If I had kids in diapers 2 weeks extra would need to be in storage.
Sanitary supplies for the ladies
First aid kit and some antihistamine (I’m crunchy so there’s natural meds and herbals for stress in there too)
Oh and I also added a 33lb. box of the palm oil shortening that I like to use. Even half empty that represents a week worth of calories. Not that we would just eat spoonfulls of fat but adding a bit extra to the beans/rice to stretch them is quite doable.

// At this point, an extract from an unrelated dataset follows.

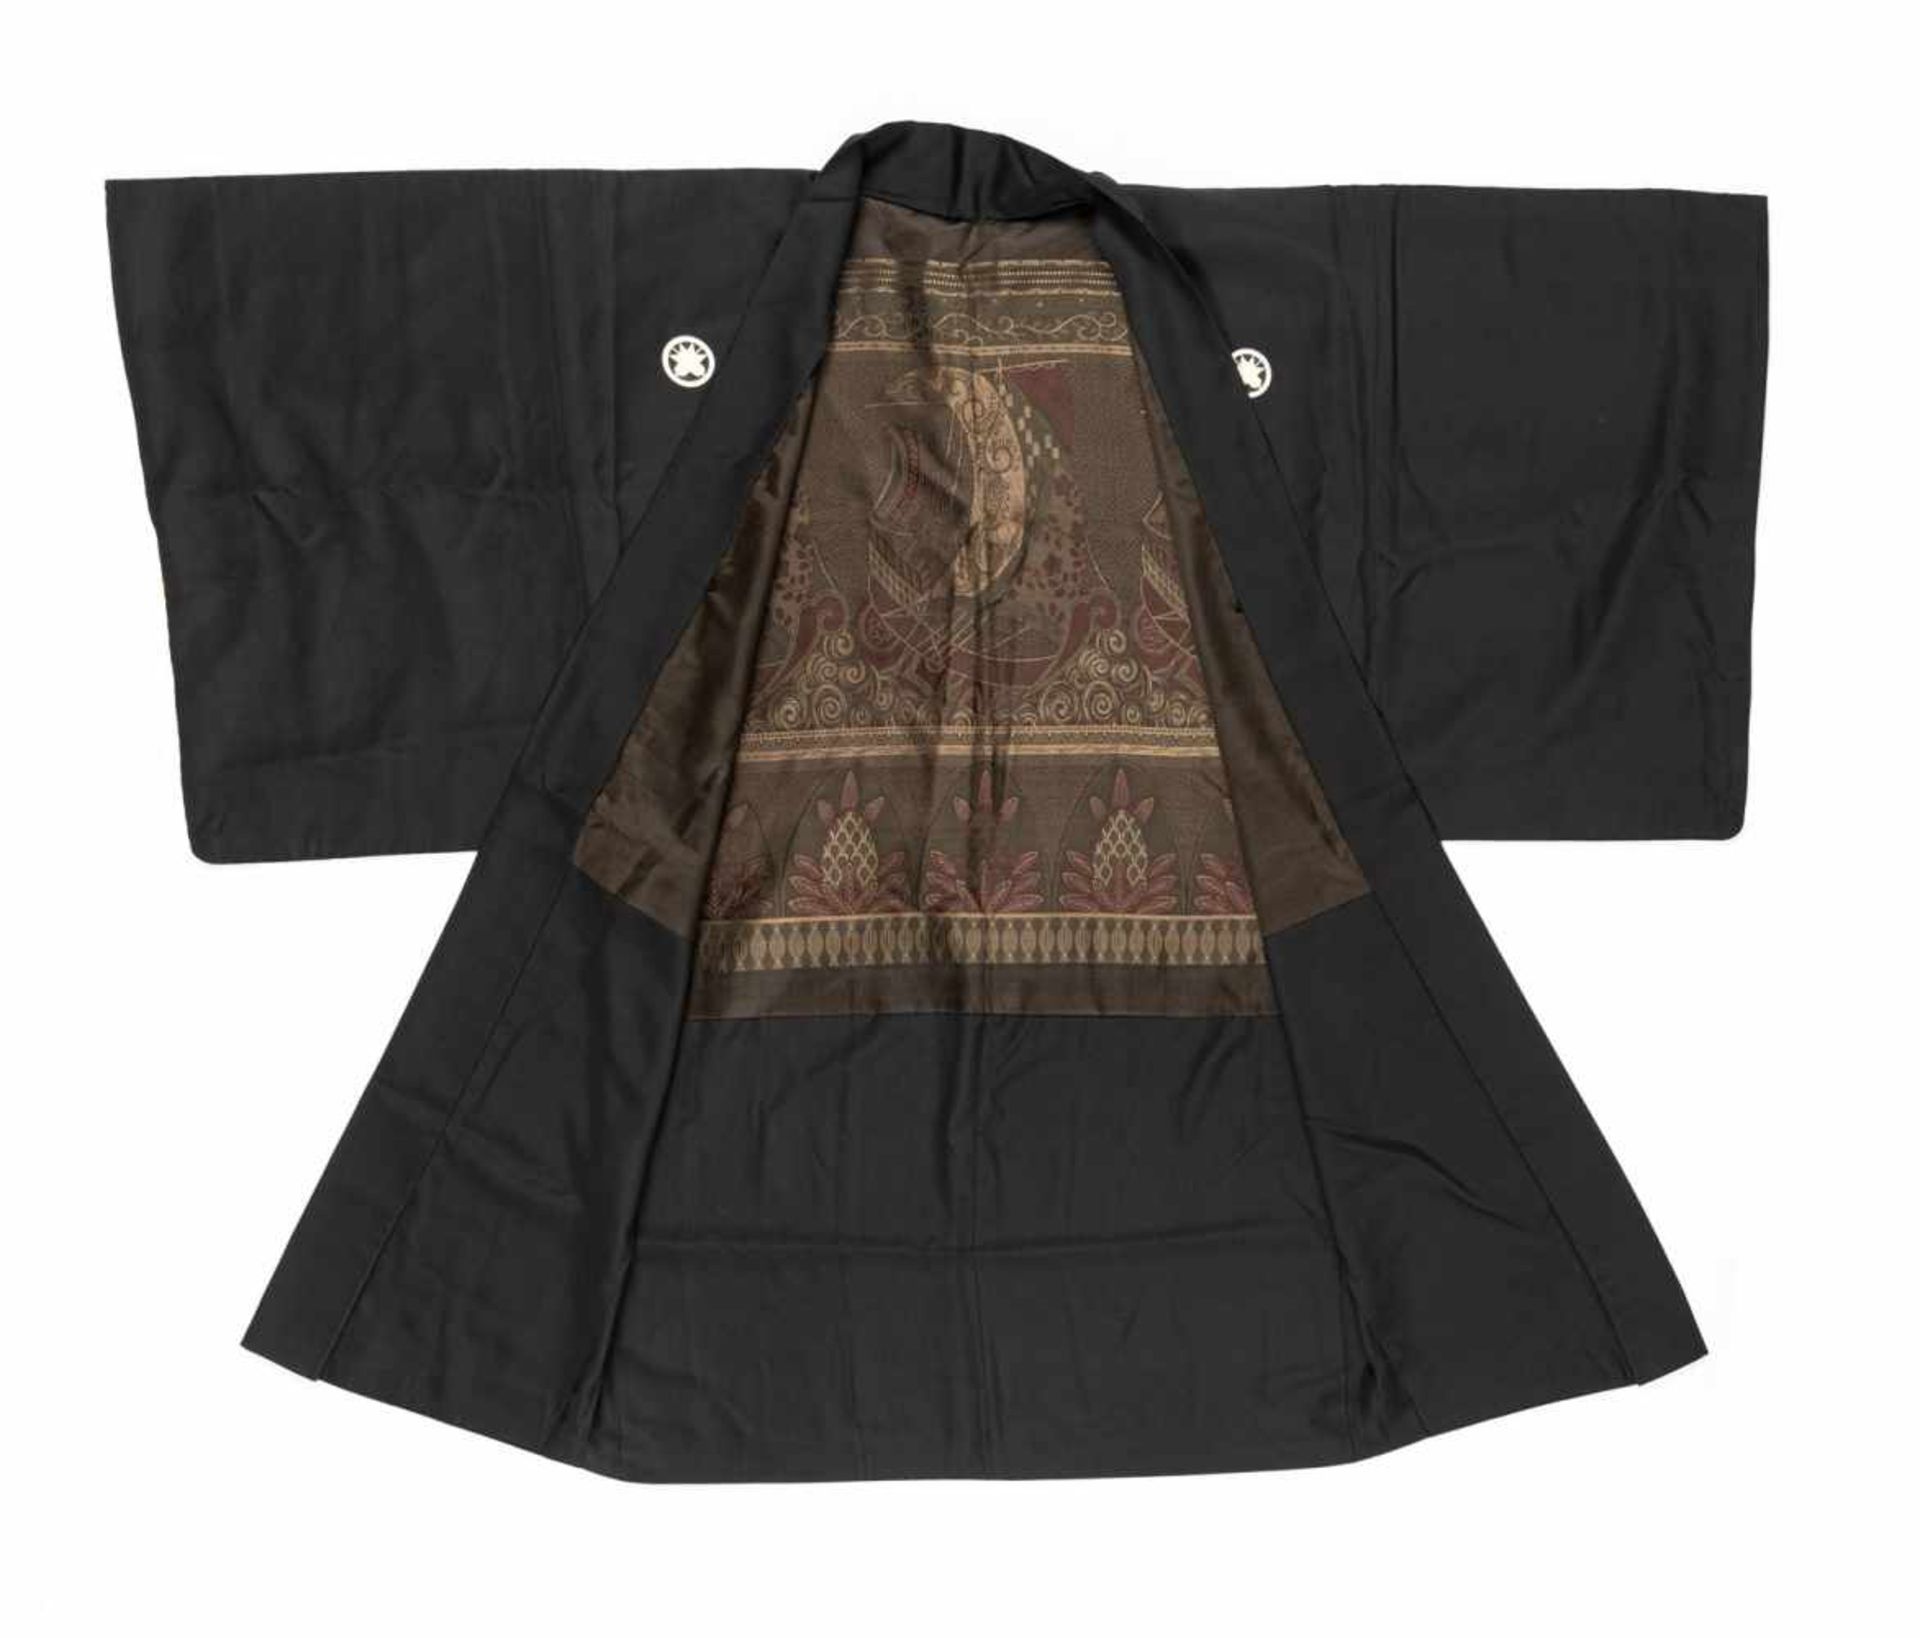 Drei Kimono mit Wappen, Schwerthülle, Hose teils in Seidenbrokat und Seide gearbeitet - Bild 11 aus 16

Blizzards and hurricanes rarely* occur without any warning at all. Anytime I feel there’s a serious threat that I may lose electricity, that’s when I go to the store and buy a few cans of beef stew and bottled water. And D cell batteries. The advantage to lazy prepping being that you don’t have to keep track of and rotate an inventory of mostly-but-not-totally-nonperishable food items. Even _water_ has to be rotated every couple of years. So far I haven’t lost power for more than 18 hours or so, but one can live on a totally nutritionally deficient diet of canned stew and tuna for a couple of days if one has to. Also: canned tuna and beef stew is very cheap.
Also, fill the bathtubs before an event that may cause you to lose running water. You’ll need it to flush the toilet. If you really did lose running water, you wouldn’t want to waste it on cooking pasta. Eat canned food and save the water for drinking.
If there’s a really serious storm coming, don’t prep. Evacuate.
* Of course, there was once a microburst in my niehgborhood, which did occur with no warning, and I did lose power for 1 day. Lucky for me, I was commuting home when it happened so by the time I reached my house, the trees that were going to fall had already done so.
The down side to lazy prepping, though, is contending with the store crowding caused by Chicken Littles buying French toast ingredients and TP.
If crowding is a problem, I usually go to a drug store rather than the grocery store. For some reason people never think to go there, and they stock canned goods.